Tuesday, March 23, 1999
Casey's General Story
The disfavor of small stocks is well known to most readers. Over the past three years, the Russell 2000 index, a measure of small capitalization stocks, has returned 7.8% annually compared to the whopping 28.8% return provided by the S&P 500 index of large cap stocks. Many people have hypothesized why these returns have been so divergent, such as the higher returns on capital and the dramatic earnings growth offered by some of the big technology companies in the S&P. While some of the reasoning offered is valid, I believe the primary reason for the significant outperformance of the S&P 500 is a shift in investor sentiment toward large cap issues.
Due to the tremendous recent returns of many large cap stocks and the lagging returns of many small cap non-technology companies, investors have been pouring money into the larger cap stocks at the expense of many smaller stocks. This increasing flow of funds into the better-performing stocks propels them even higher, continuing the cycle. At some point, investors are going to take a look at the price/growth prospects of their portfolios and reallocate some of their money to some of the faster growing small cap stocks that have missed out on the recent stock market rally.
I would prefer to be ahead, rather than behind, that shift in sentiment by digging through the rubble of small cap land to find the hidden gems. One company that falls into this category is Casey's General Stores (Nasdaq: CASY), a Midwestern operator of convenience stores. Not a terribly exciting business, mind you, but one that has posted significant annual earnings gains over the past eight years. The stock currently trades at around 20x earnings estimates for the fiscal year ending in April. Analysts polled by First Call project that the company will have a long-term earnings growth rate of 18%.
The primary advantage that Casey's has over its competitors is locating in small towns. According to the company's most recent 10-K filing, 71% of Casey's stores are located in towns with 5,000 or fewer people. Only 7% of the stores are in areas with populations over 20,000. This strategy reduces competition since many of the national competitors strive to locate in markets that are larger.
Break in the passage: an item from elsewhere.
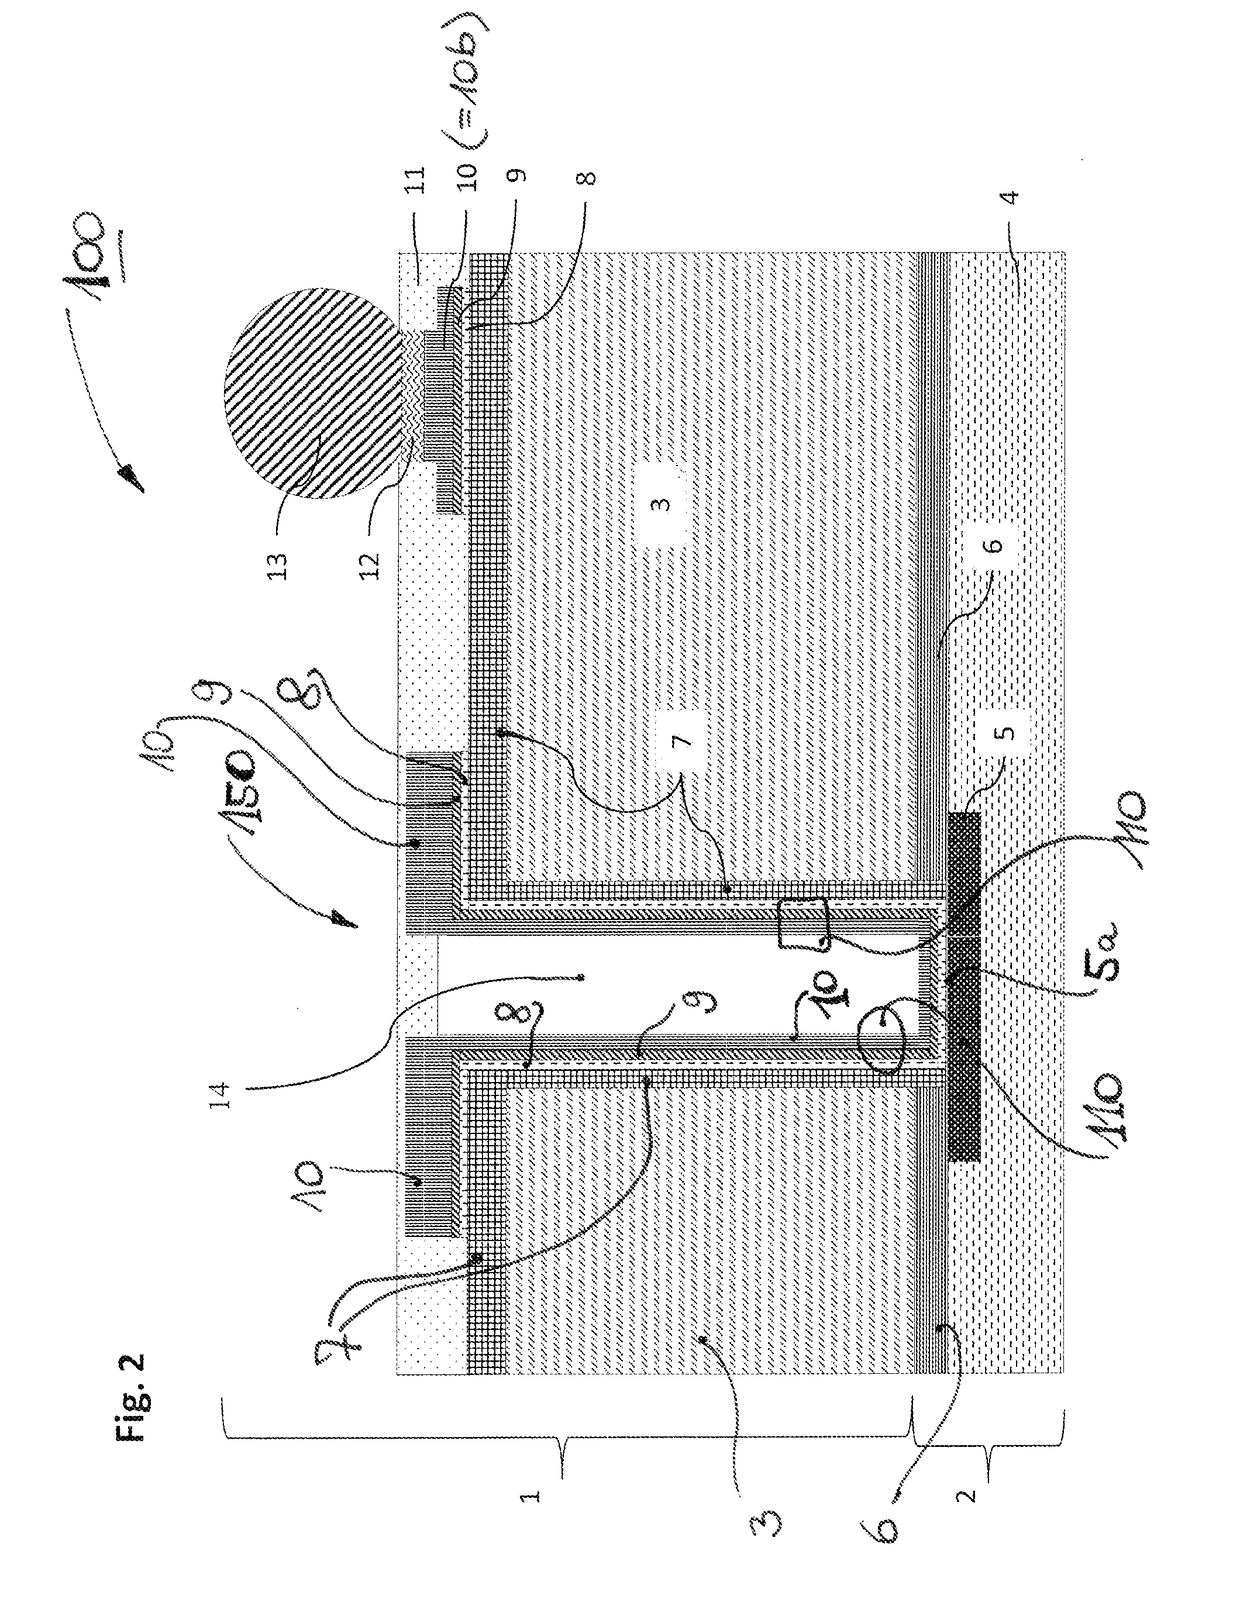 Electrical conductive vias in a semiconductor substrate and a corresponding manufacturing method

In addition, since options for eating out are limited, Casey's has a better chance of selling a lot of high-margin prepared foods like pizza.
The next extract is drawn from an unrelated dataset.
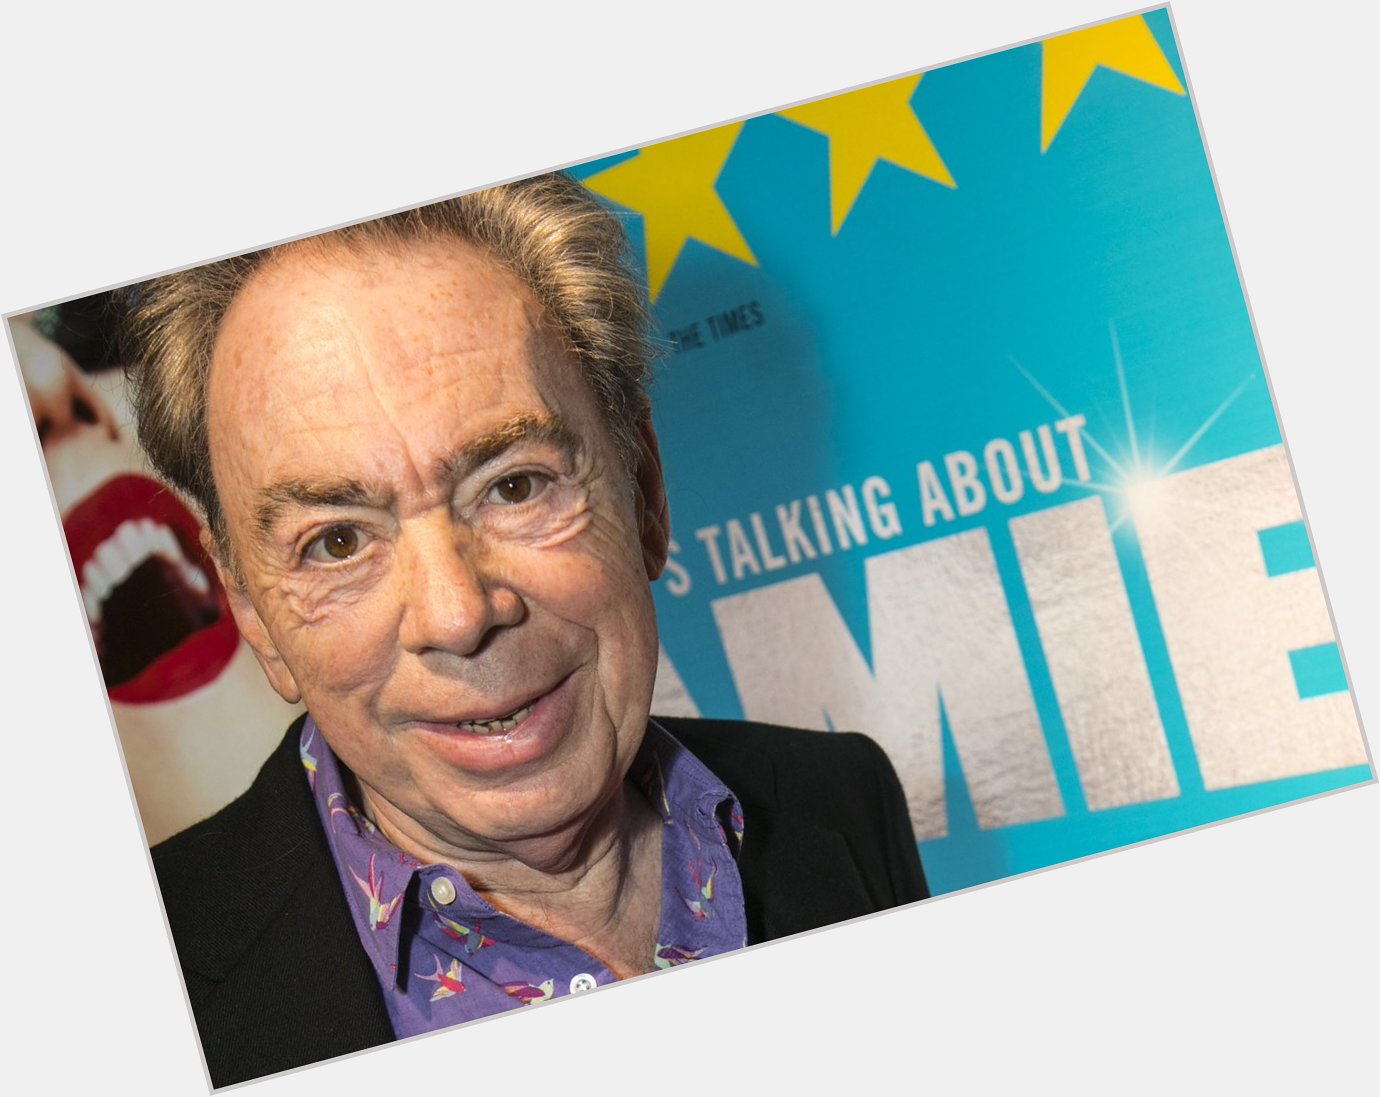 Happy 70th birthday to the legend that is Andrew Lloyd Webber. What s your favourite ALW show? 
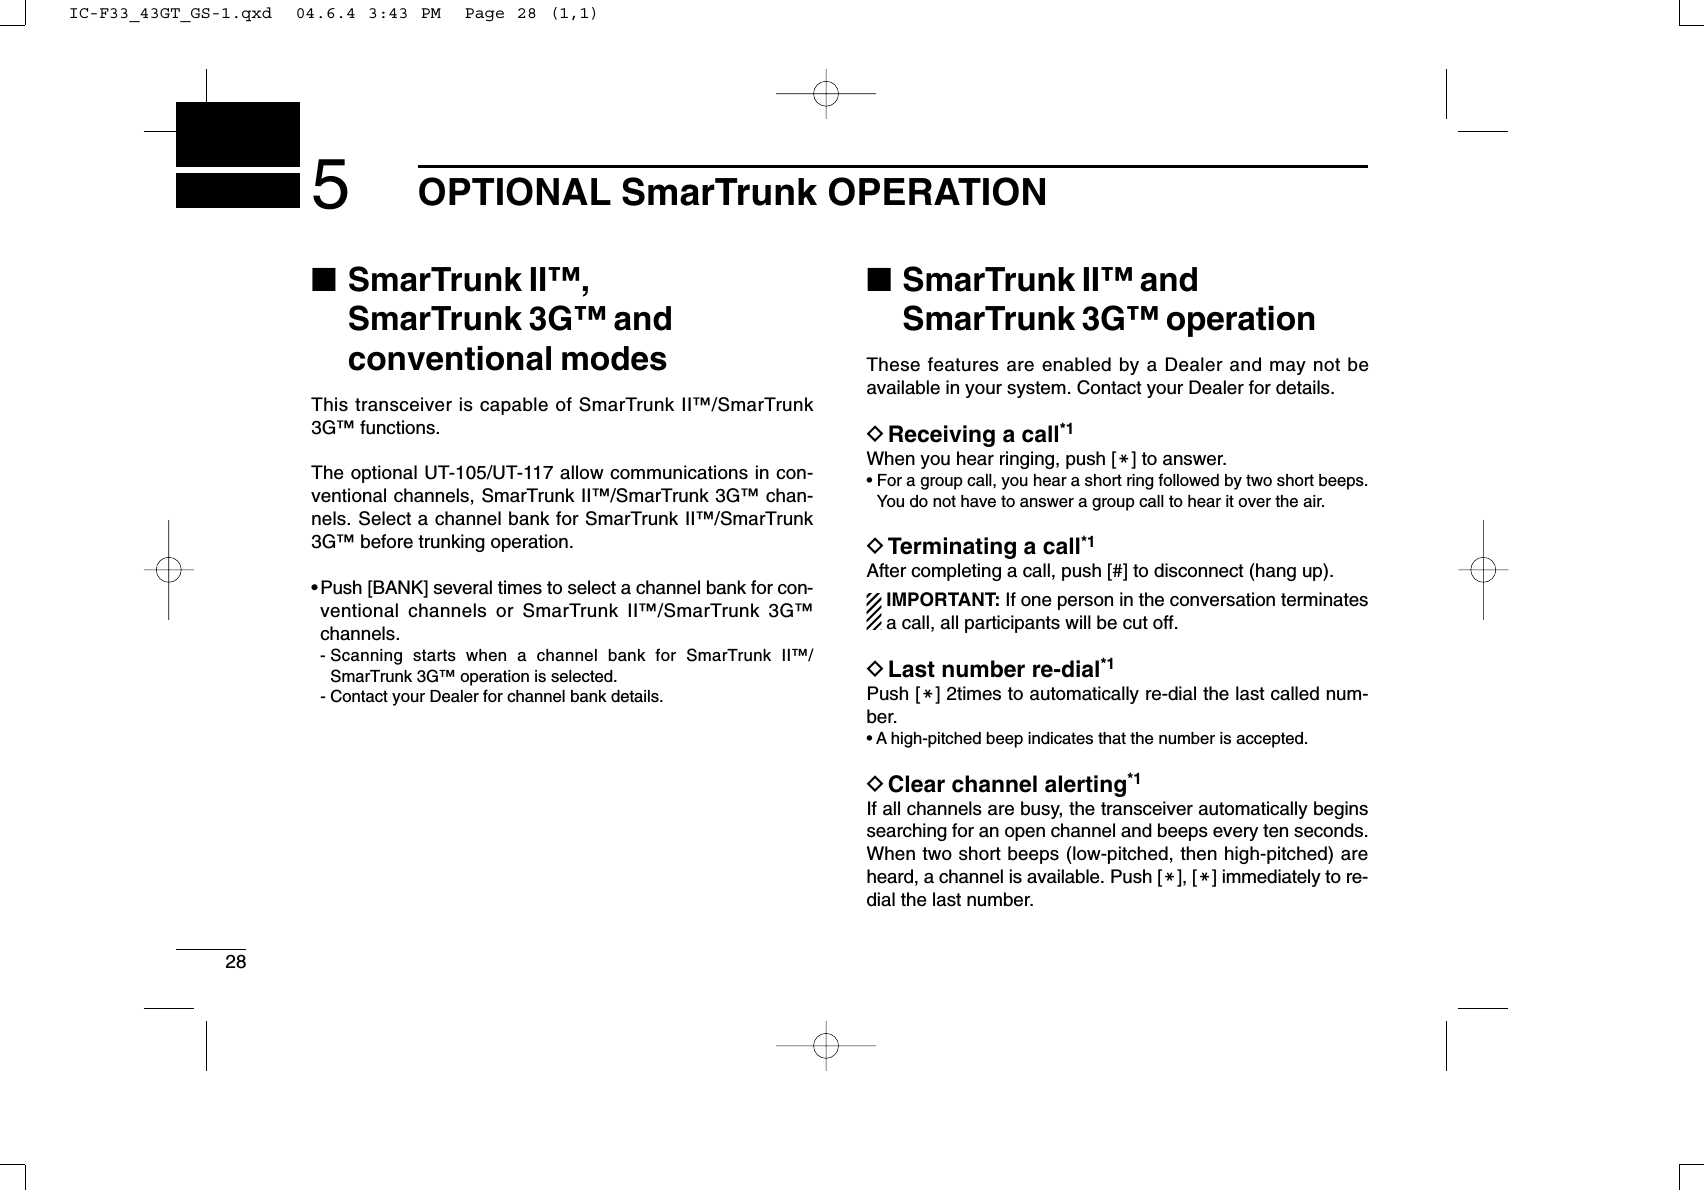 285OPTIONAL SmarTrunk OPERATION■SmarTrunk II™, SmarTrunk 3G™and conventional modesThis transceiver is capable of SmarTrunk II™/SmarTrunk3G™functions.The optional UT-105/UT-117 allow communications in con-ventional channels, SmarTrunk II™/SmarTrunk 3G™chan-nels. Select a channel bank for SmarTrunk II™/SmarTrunk3G™before trunking operation.•Push [BANK] several times to select a channel bank for con-ventional channels or SmarTrunk II™/SmarTrunk 3G™channels.- Scanning starts when a channel bank for SmarTrunk II™/SmarTrunk 3G™operation is selected.- Contact your Dealer for channel bank details.■SmarTrunk II™and SmarTrunk 3G™operationThese features are enabled by a Dealer and may not beavailable in your system. Contact your Dealer for details.DReceiving a call*1When you hear ringing, push [M] to answer.• For a group call, you hear a short ring followed by two short beeps.You do not have to answer a group call to hear it over the air.DTerminating a call*1After completing a call, push [#] to disconnect (hang up).IMPORTANT: If one person in the conversation terminatesa call, all participants will be cut off.DLast number re-dial*1Push [M] 2times to automatically re-dial the last called num-ber.• A high-pitched beep indicates that the number is accepted.DClear channel alerting*1If all channels are busy, the transceiver automatically beginssearching for an open channel and beeps every ten seconds.When two short beeps (low-pitched, then high-pitched) areheard, a channel is available. Push [M], [M] immediately to re-dial the last number.IC-F33_43GT_GS-1.qxd  04.6.4 3:43 PM  Page 28 (1,1)

Most of the competition that Casey's encounters comes from local and regional competitors. Because of its size and deeper pockets, the company is better able than most competitors to provide customers with low gasoline prices, a clean store, and added services like extended hours.
As of last quarter, the company operated 1,176 stores (14% of which were franchised), up from 1,109 last April. The heaviest concentration of stores is in Iowa, Illinois, and Missouri, which each have more than 200 locations. No other state accounted for more than 100 stores. Management believes that Casey's has plenty of room to grow within its current nine state region. With a distribution facility large enough to support 1,500 stores, the company has the capacity to service growth over the next three years assuming its historical store growth rate of 6%-7%.
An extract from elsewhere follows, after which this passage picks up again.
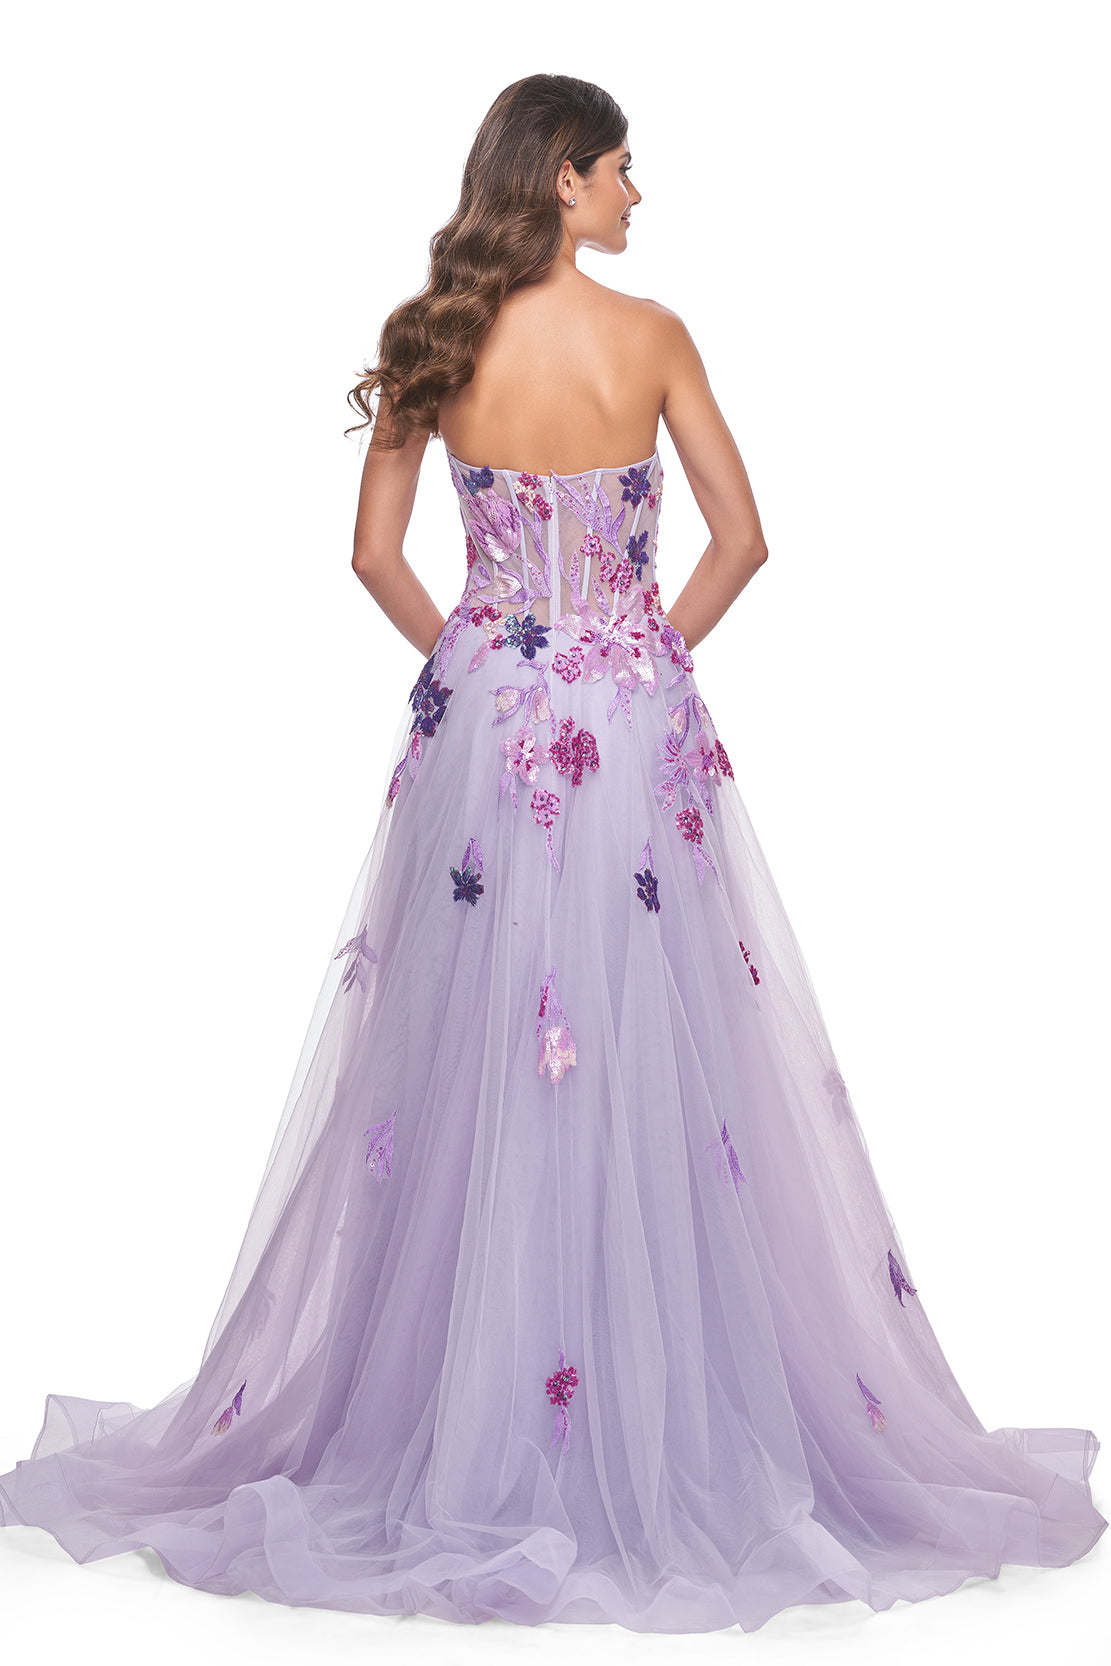 La Femme 32156 Strapless A-Line Tulle Prom and Quinceañera Dress - A captivating A-line tulle dress featuring a strapless design and floral multicolor sequin lace applique details, perfect for making a statement at prom or quinceañera celebrations. The model is wearing the dress in the color Lavender. This is view of the back of the dress.

Sales and profitability of Casey's can occasionally be affected by fluctuating oil prices, which may be one reason investors have recently shied away from the stock. The only year in recent history when earnings increased at a less-than-double-digit rate was fiscal 1997, when oil prices hopped around frenetically. Once prices and margins stabilized, though, Casey's got back on its more typical 20% annual growth pace. If the recent low gas prices impact earnings, I would suspect that it would once again be a short-lived phenomena.
The reason fluctuating gas prices isn't that much of a long-term worry is that most of the company's profitability comes from non-gas sales. Although only 39% of retail sales over the past three years were not gasoline, these sales were responsible for 73% of gross profit. This is because gross margin on food (particularly prepared food) is much higher than the 10% or so the company gets on gas. Casey's strategy is to get people into the door with low gas prices, but to make most of its money from other purchases.
Other than a potential worry about the short-term impact of low gas prices, I can't find many negatives to Casey's story. The company has only modest leverage and cash flow covers most capital expenditures. Last year, return on invested capital was a satisfactory 11%. Growth plans continue to unfold as expected and the company is expected to continue improving earnings at a high-teens pace.
I can't tell you a specific catalyst that is going to lurch Casey's stock forward. The past year hasn't been great, with the stock still hovering around the $15 level at which it was selling at this time last year. Nonetheless, as an investor with a long-term focus, I try to look past stock price movements and look at the value of a company. I'm happy as long as a company continues to increase its earnings and cash flow generation capabilities. Other investors will likely recognize the value being created at some point. Casey's may not be a home run hitter, but it's done a heck of a job hitting singles and doubles.